- Genre: Comedy
- Written by: Niall Tóibín Eoghan Harris
- Starring: Niall Tóibín
- Country of origin: Ireland
- Original language: English
- No. of series: 1

Production
- Producer: Brian Mac Lochlainn
- Production locations: Studio 1, RTÉ Television Centre, Donnybrook, Dublin 4, Ireland
- Camera setup: Multi-camera
- Running time: 30 minutes

Original release
- Network: RTÉ
- Release: 18 June 1973

= If the Cap Fits (TV series) =

If the Cap Fits is an Irish television sketch show that aired on RTÉ for one series in 1973. The show was written by and starred Niall Tóibín.

==History==
The show premiered on 18 June 1973. It was produced and directed by Brian MacLochlainn. Niall Tóibín received a Jacob's Award for If the Cap Fits in 1973. In Tóibín's 2019 obituary, The Irish Times called RTÉ's the show "one of the station's rare comedy successes".

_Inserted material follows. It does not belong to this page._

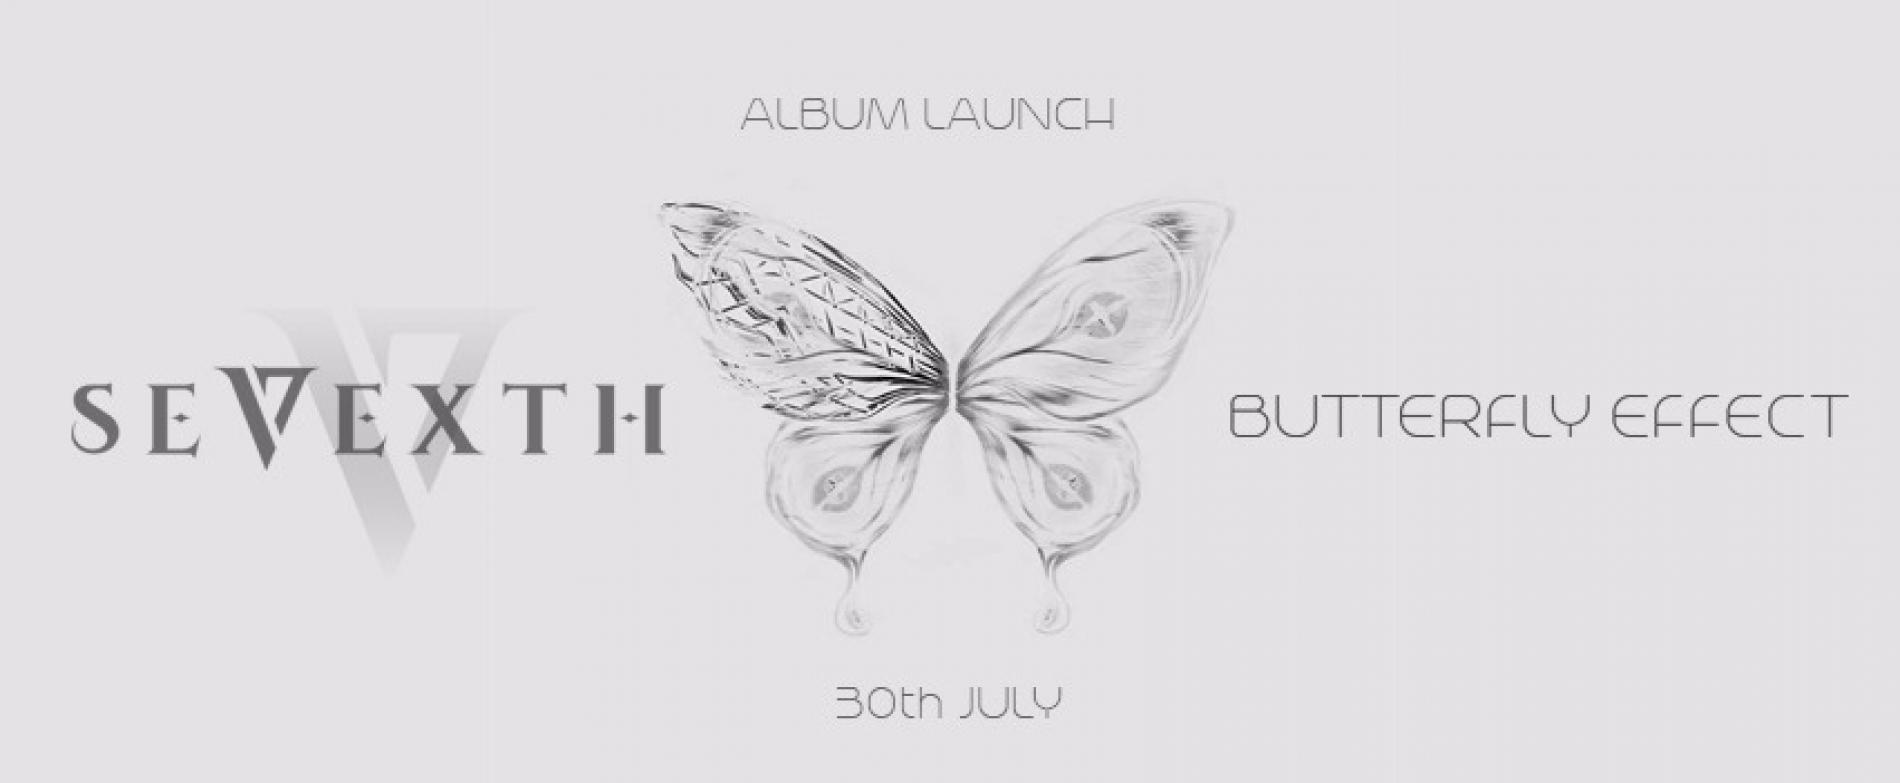 Sevexth : Butterfly Effect (Album Launch)

The show was perceived as "too risqué" to be renewed. Owing to the demands of the fundamentalist Catholics, the show was scrapped and all tapes of it were erased. If the Cap Fits was the catalyst for the establishment of the Irish League of Decency.

==Content==
Throughout all the episodes, Tóibín portrayed 90 characters. In a scene, Tóibín's character was a nun who took out Guinness that was stashed in her clothes. Barbara Brennan, Chris Curran, Maura Hastings, Eileen Murphy, and Derry Power participated in the sketch scenes.

==Reception==
Ken Gray of The Irish Times praised the show for "the variety of voices and accents is marvellous, and marvellously accurate" and said, "There is more savage bite in the comedy, too, than in anything R.T.E. has so far ventured to put on television". Gray said of Tóibín's performance, "He may not always look the part, though the make-up is good, but the accent and inflexion he gets into his satirical impersonations are often deadly." He particularly liked Tóibín's portrays of Dick Burke, George Colley, Patrick Hillery, and Tony O'Reilly.

The author Helena Sheehan called the show and Time Now Mr T "some of the best political and social satire produced by RTE" and that all episodes on the two shows were "a veritable tour de force on the part of Niall Tóibín".